Extending Biosemiotics

The Extended Evolutionary Synthesis also extends the role of biosemiotics. This paper will seek to extend it further, both to the metaphysics of C. S. Peirce and A. N Whitehead and to Ingold’s treatment of inheritance (Ingold, 2022).

Firstness, experience without reaction, is fundamental to Peirce’s metaphysics, giving qualia an ontological status equivalent to matter.  Thus his broader concepts, such as tychism and synechism, are actually aspects of panpsychism. By bringing Peirce and von Uexküll together, biosemiotics restores meaning, and hence subjectivity, to biology. This paper will propose to move beyond biology to a more universal view of subjectivity.

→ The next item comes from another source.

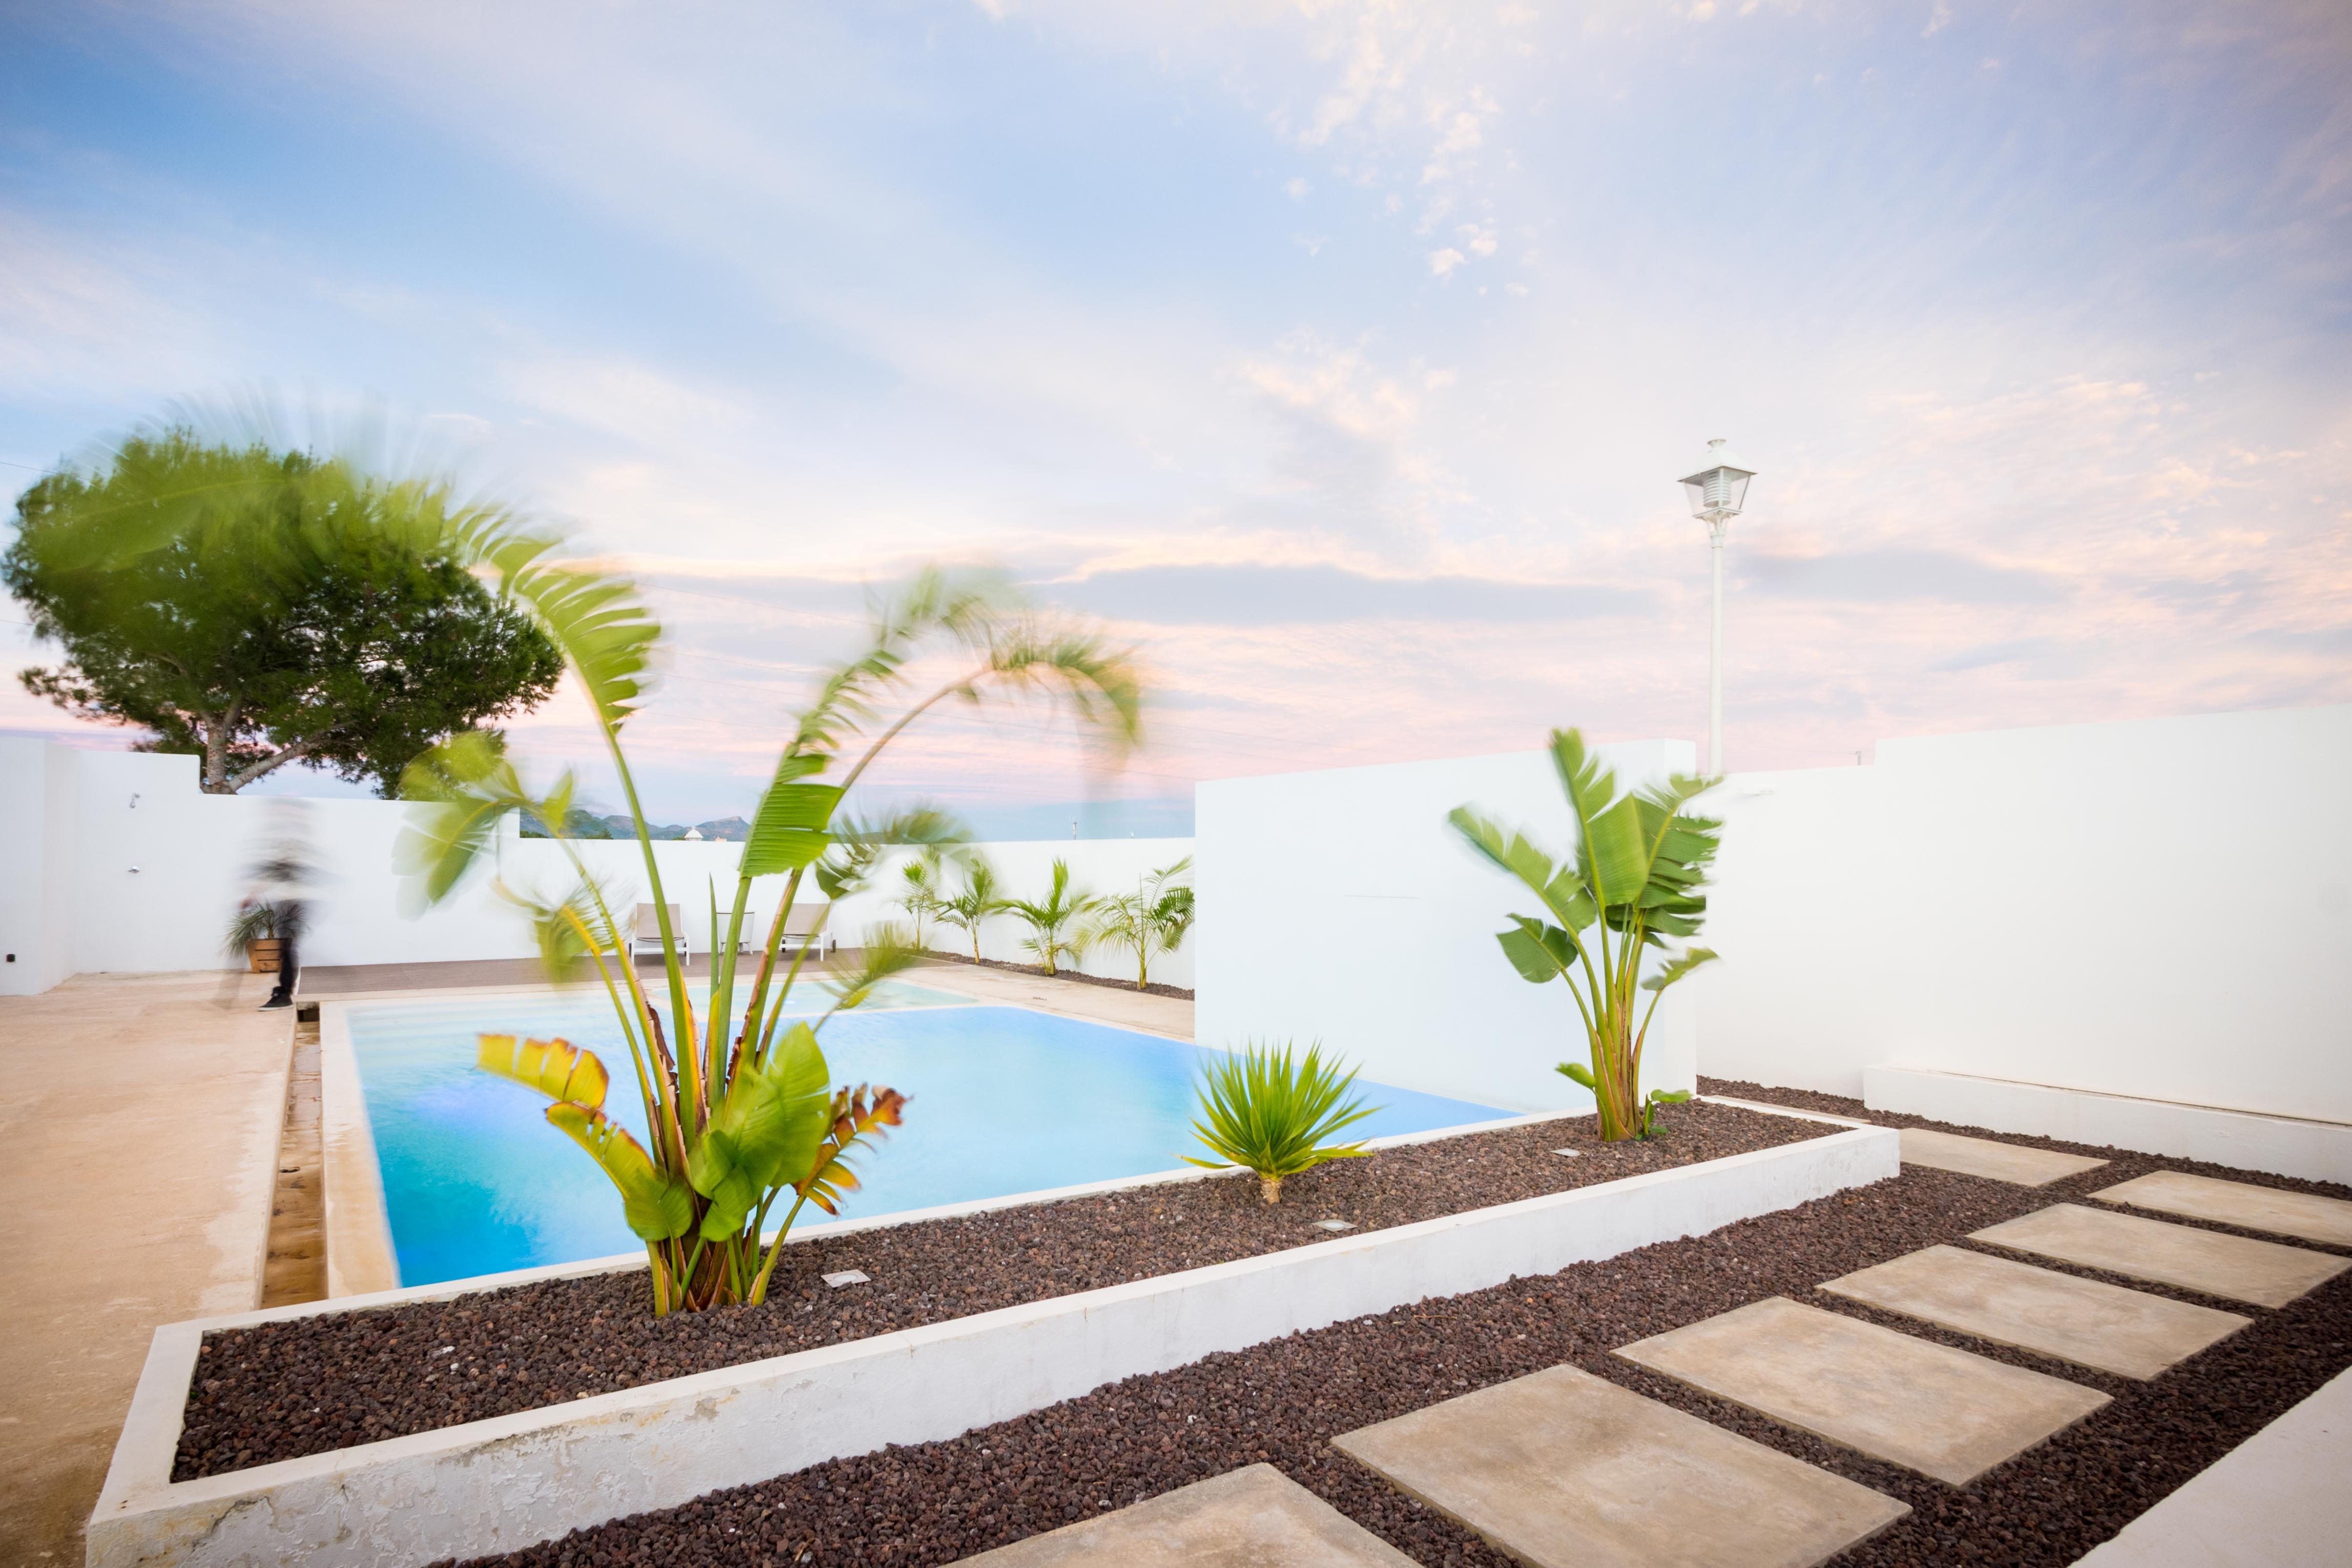 Piscina con jardinera en vivienda mediterranea. Chiralt arquitectos Valencia.

At first sight it might appear that Hoffmeyer agrees, since he notes “This world is full of subjects and something must have created them.” (Hoffmeyer, 1996, page 57). However, he stops short of panpsychism and takes subjectivity to be something that emerges with an evolutionary increase in semiotic freedom.

But to say that evolution proceeds without subjectivity and then at some point it just emerges is hardly an explanation. If evolution is accompanied by an increase in subjectivity, there must have been some there to start with. It is more parsimonious to claim that subjectivity occurs universally to a greater or lesser extent.

This paper will suggest that taking this view offers an opportunity to extend biosemiotics, not only towards metaphysics but also towards Ingold’s radical view of evolution itself, in which ecology is central. Further, it will propose that this will make biosemiotics more relevant to the ecological crisis facing us all (Pickering, 2023).

 

References

Hoffmeyer, J. (1996) Signs of Meaning in the Universe. Bloomington: Indiana University Press.

Pickering, J. (2023) Metaphysics Matters: Towards Semiotic Causation. Journal of Consciousness Studies, Vol. 30, No. 1 -2, 215-237.

Ingold, T. (2022) Evolution without Inheritance: Steps to an Ecology of Learning. Current Anthropology, Vol. 63, supplement 25, 32-54.